It’s been a while since I’ve created this blog but until now, I haven’t really talked about one of my favorite topic where networking and computers in general are concerned: the domain name system or better known as DNS. I remember being asked recently on just how does the Internet work? Many users know that the Internet itself is very big but they don’t have a clue as to just how computers from one side of the planet can talk to another computer on the other side. To put it in more broad terms, do you have any idea on just what the heck happens between the time you enter in an URL address in your favorite browser and pressing the Enter key to the webpage actually appearing on your screen? Have you ever wondered just how did your computer, sitting somewhere in the world, was able to communicate with a web server belonging to Facebook or Twitter, which also could be located anywhere in the world as well? If so, then this article series is definitely for you! While DNS is definitely a huge topic, the aim of this three article series is not meant to turn you into a DNS administrator or expert by the time you’re finished with it! What I promise will happen is you getting a lot more clearer picture at just how computers can manage find each other in the biggest computer network in existence today, the big ol’ Internet!
Humans Are Stupid
One of the first things you should understand about DNS is how computers actually communicate with each other. You see, computer systems believe that us humans are dumb. Why? Because computers locate each other via numbers which they believe is much more efficient than using letters, symbols and numbers. However, us humans are very bad at remembering a large quantity of numbers. Heck, I’m the type of guy who have a hard time remembering a single phone number! For us, remembering a name such as Yahoo.com is so much more easier than trying to remember 126.96.36.199! That long string of number is called an IP address and it actually maps to the Yahoo.com domain name. So, when a user types in Yahoo.com into their browser, what the computer actually needs to do is translate or map that domain name to an IP address. This process is called name resolution. Well, that was just one example. There are literally millions and millions of web pages out there but each and every time you enter in an URL address, name resolution is performed.

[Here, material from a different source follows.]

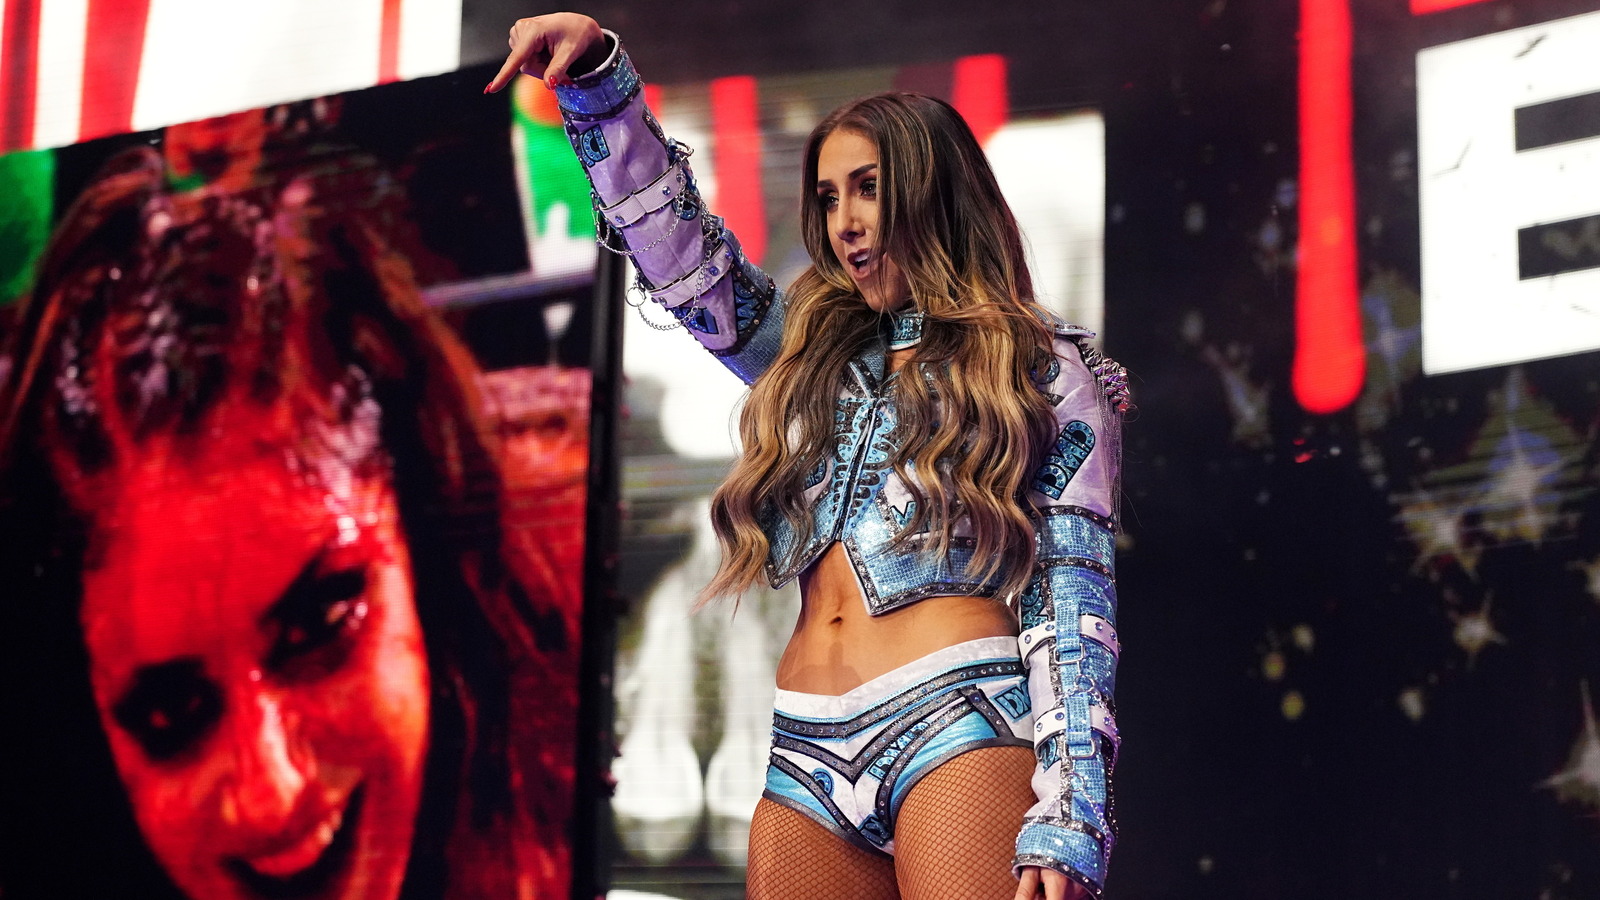 Britt Baker Reacts To Finn Balor Stomping On Pittsburgh Steelers Rally Towel At WWE Payback
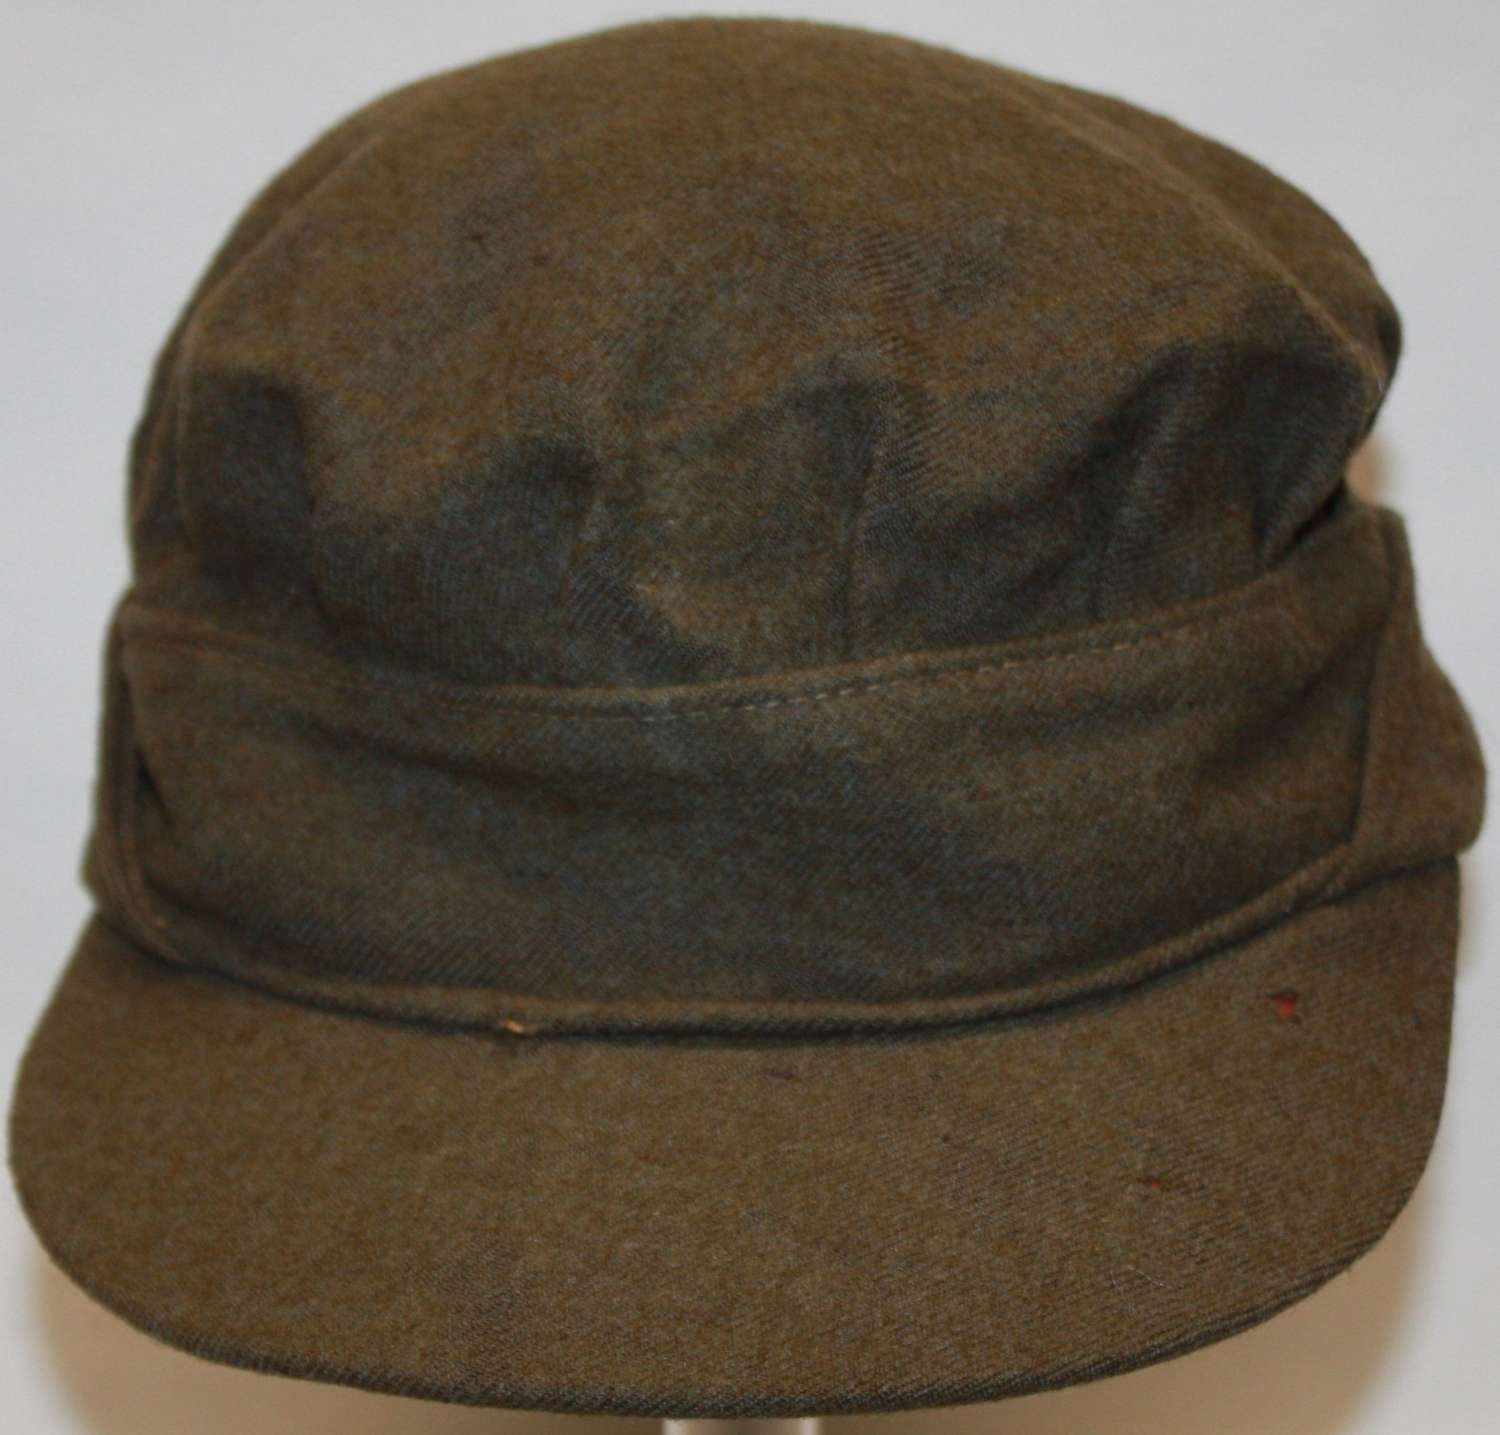 A GOOD USED WWII ATS OTHER RANKS PEAKED CAP

So now you’re probably thinking that solving this problem is very simple. Just create a master database with all the name and IP address mappings listed within and call it a day. Anytime a computer needed to resolve a name, just have it consult this master database file. Surely that will work, right? The answer is yes, it definitely will. In fact, that’s how it originally worked as I talk and explain about the HOST file in the next section. The next question you then have to ask yourself is just who in the world will manage this database?! Due to the sheer size of the Internet, it will be next to impossible to keep this master database file updated. I’m sure every single second that goes on there is some sort of change within the thousands and thousands of individual computer networks that have a presence on the Internet. Good luck having someone interview for that job!
The Dreaded HOST File
To put things in perspective and give you an idea of just why a system such as DNS was very much needed, you’d have to go back to the late 60’s and early 70’s where the military successfully created one of the first computer network. This network was called the ARPANET. What this network did is of no great importance where DNS is concerned. What is important in our discussion here however is to understand that at this time, there weren’t many computers that the administrators needed to keep track of because the network was considered private. The Internet as we know of it today obviously didn’t exist at that specific time period. If there were only 15 computers on the network at any given time, communicating with them is as simple as using a file to map the computer’s host name to their known IP address. In fact, that’s exactly what they did! This simple database or file was called the HOST file and its main job is to allow a computer to find the IP address of another computer on the network via its host name. For example, if my computer needed to find the IP address for a host computer called COMPUTER01, then it would look inside the HOST file. Within this file, there are two pieces of information and those simply are the the IP address for a given computer host or name. So, once having found the host name for COMPTUER01 within the HOST file, the computer would also learn of its IP address! Therefore, if you had 15 computers on the network, then you would have 15 entries within the HOST file. Simple but efficient. Most importantly, it actually worked great……..at first.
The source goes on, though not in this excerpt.